Exercise details >> In the material below, find the line containing "Le Petit Prince by Antoine de Saint-Exupery" and the line containing "mid centruy modern". Output those two lines and all lines between them exactly, without pictures.

Exercise input >>
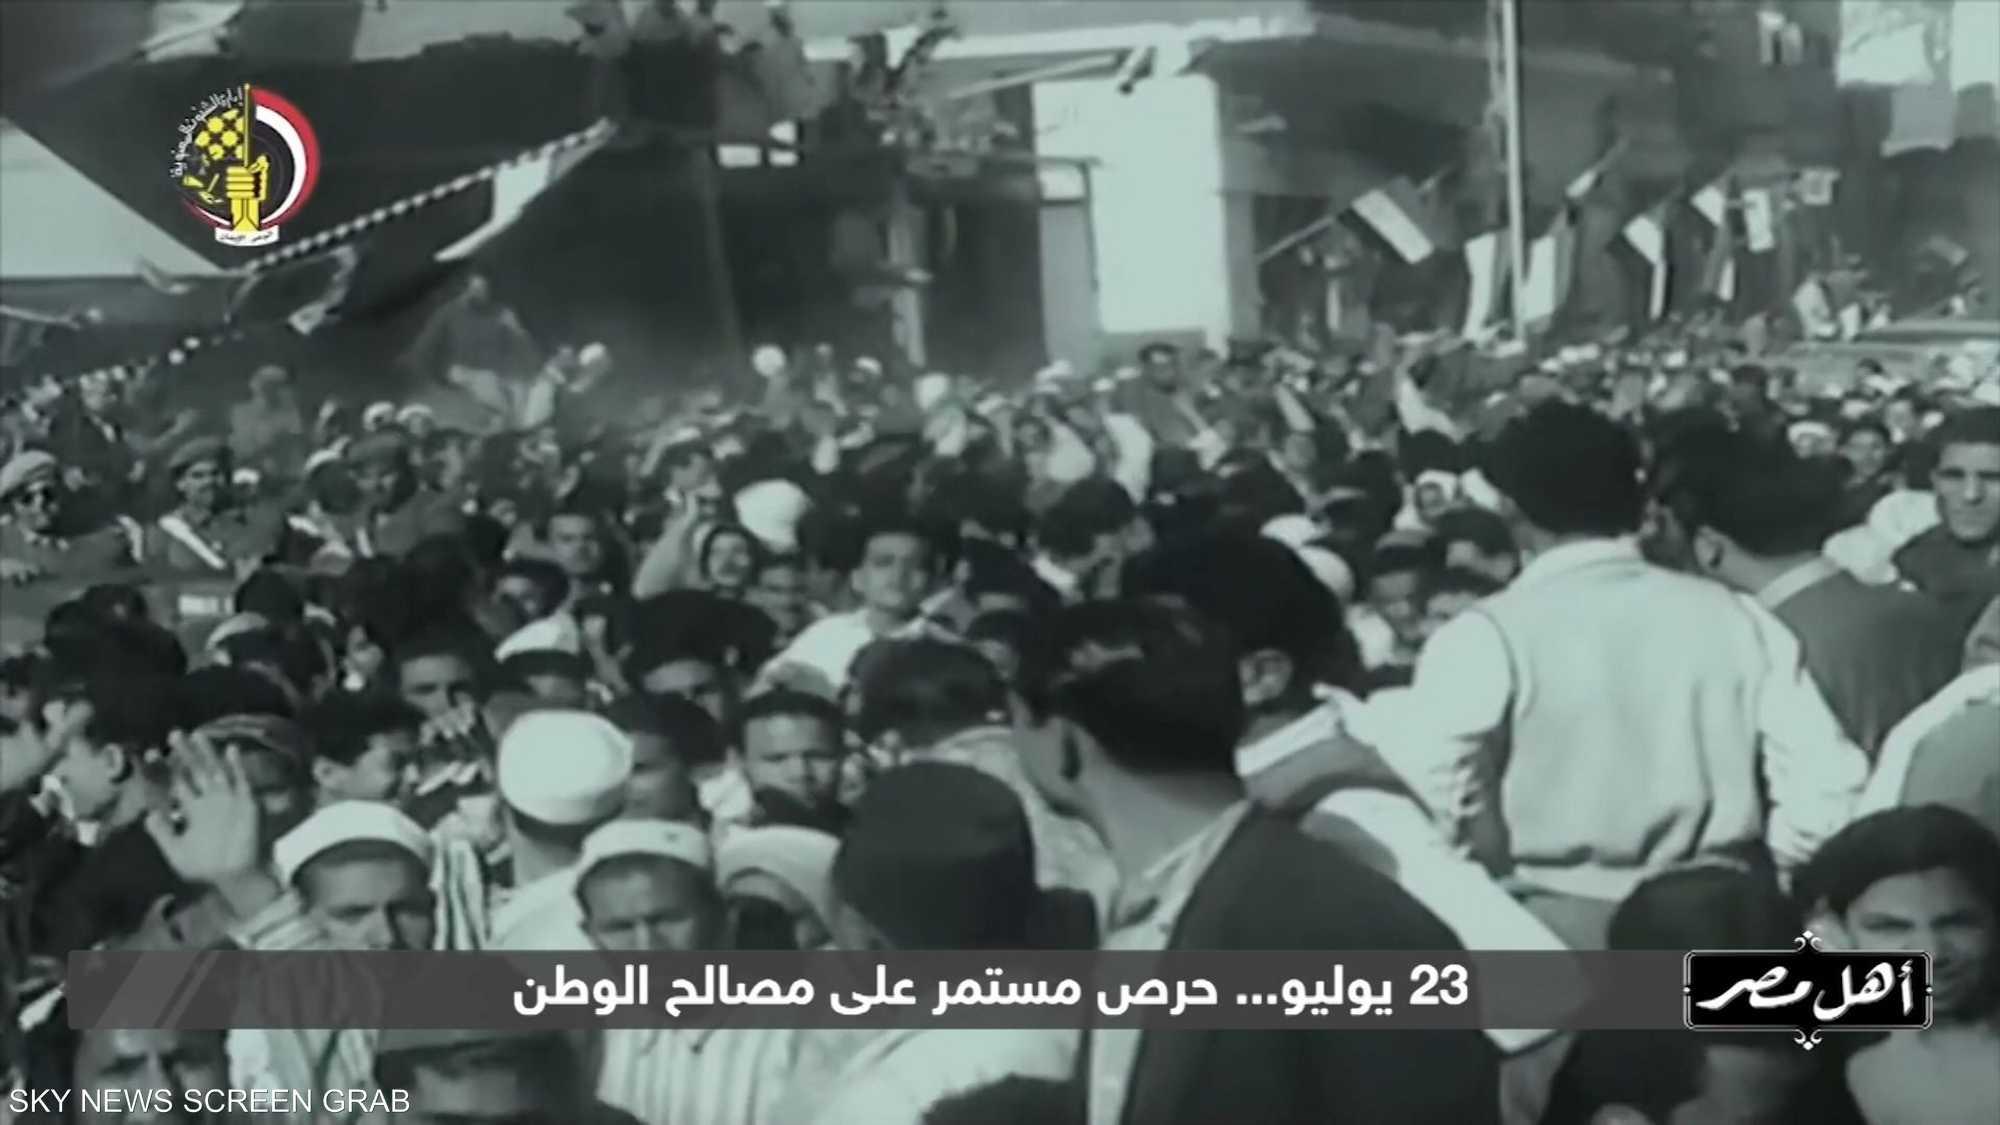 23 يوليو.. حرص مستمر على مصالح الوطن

* * *

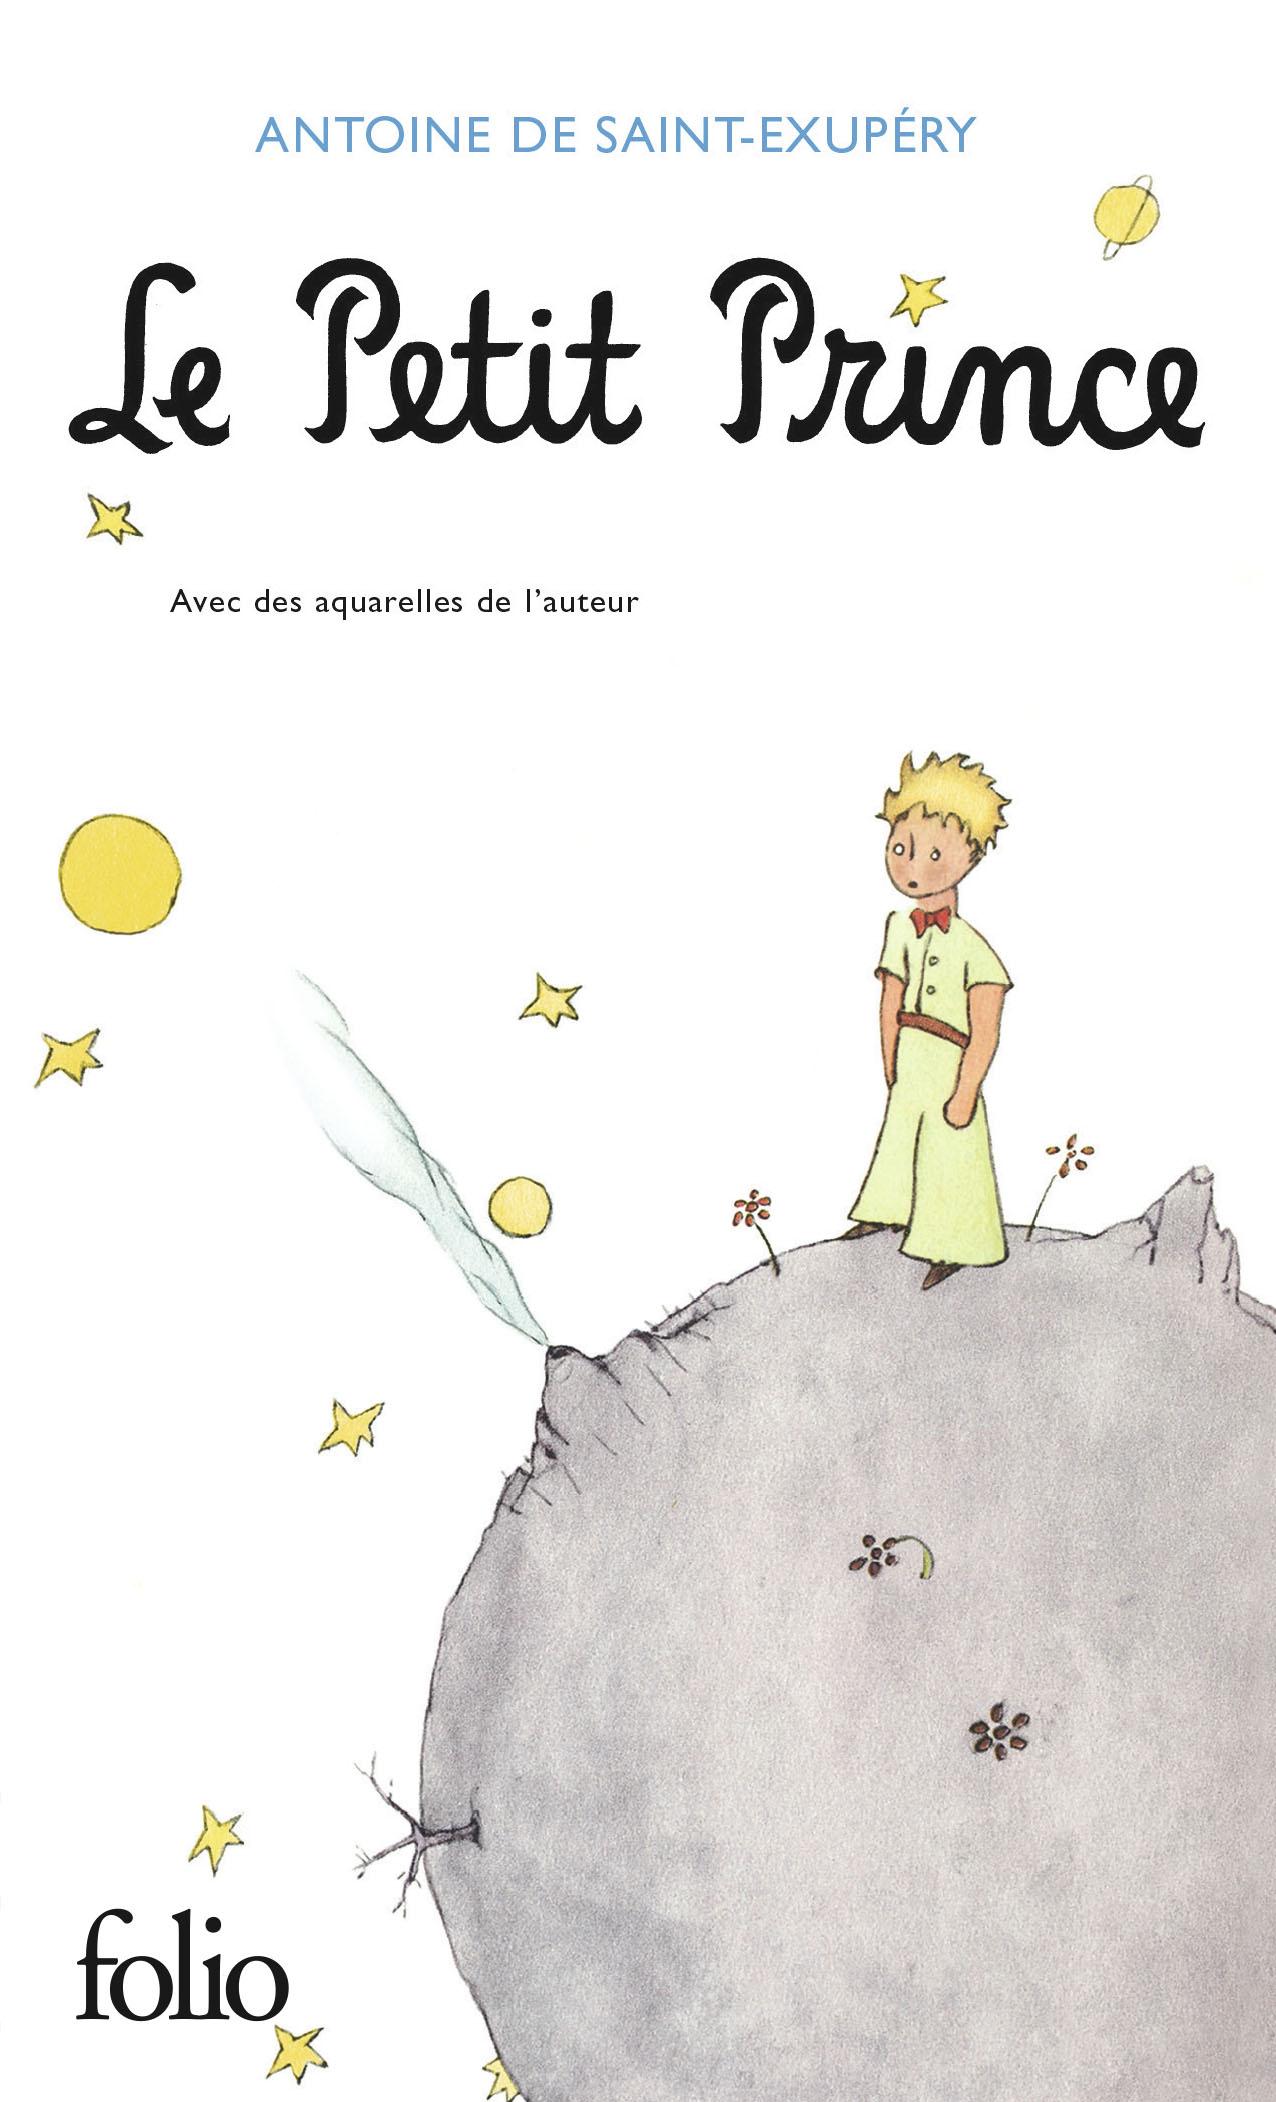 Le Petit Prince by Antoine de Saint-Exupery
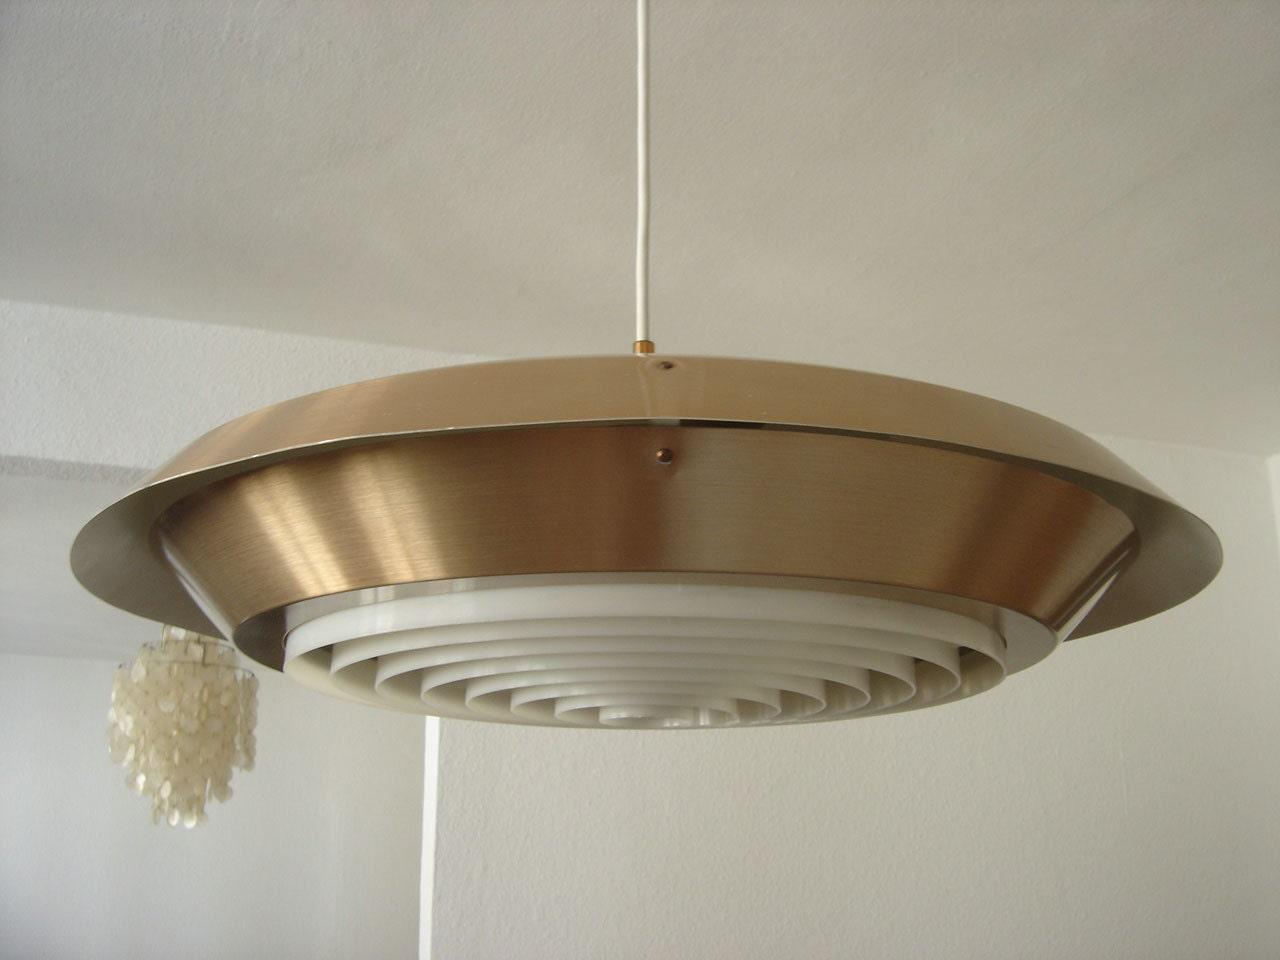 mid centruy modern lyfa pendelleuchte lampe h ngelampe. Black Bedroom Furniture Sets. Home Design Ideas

Task result >>
 Le Petit Prince by Antoine de Saint-Exupery
 mid centruy modern lyfa pendelleuchte lampe h ngelampe. Black Bedroom Furniture Sets. Home Design Ideas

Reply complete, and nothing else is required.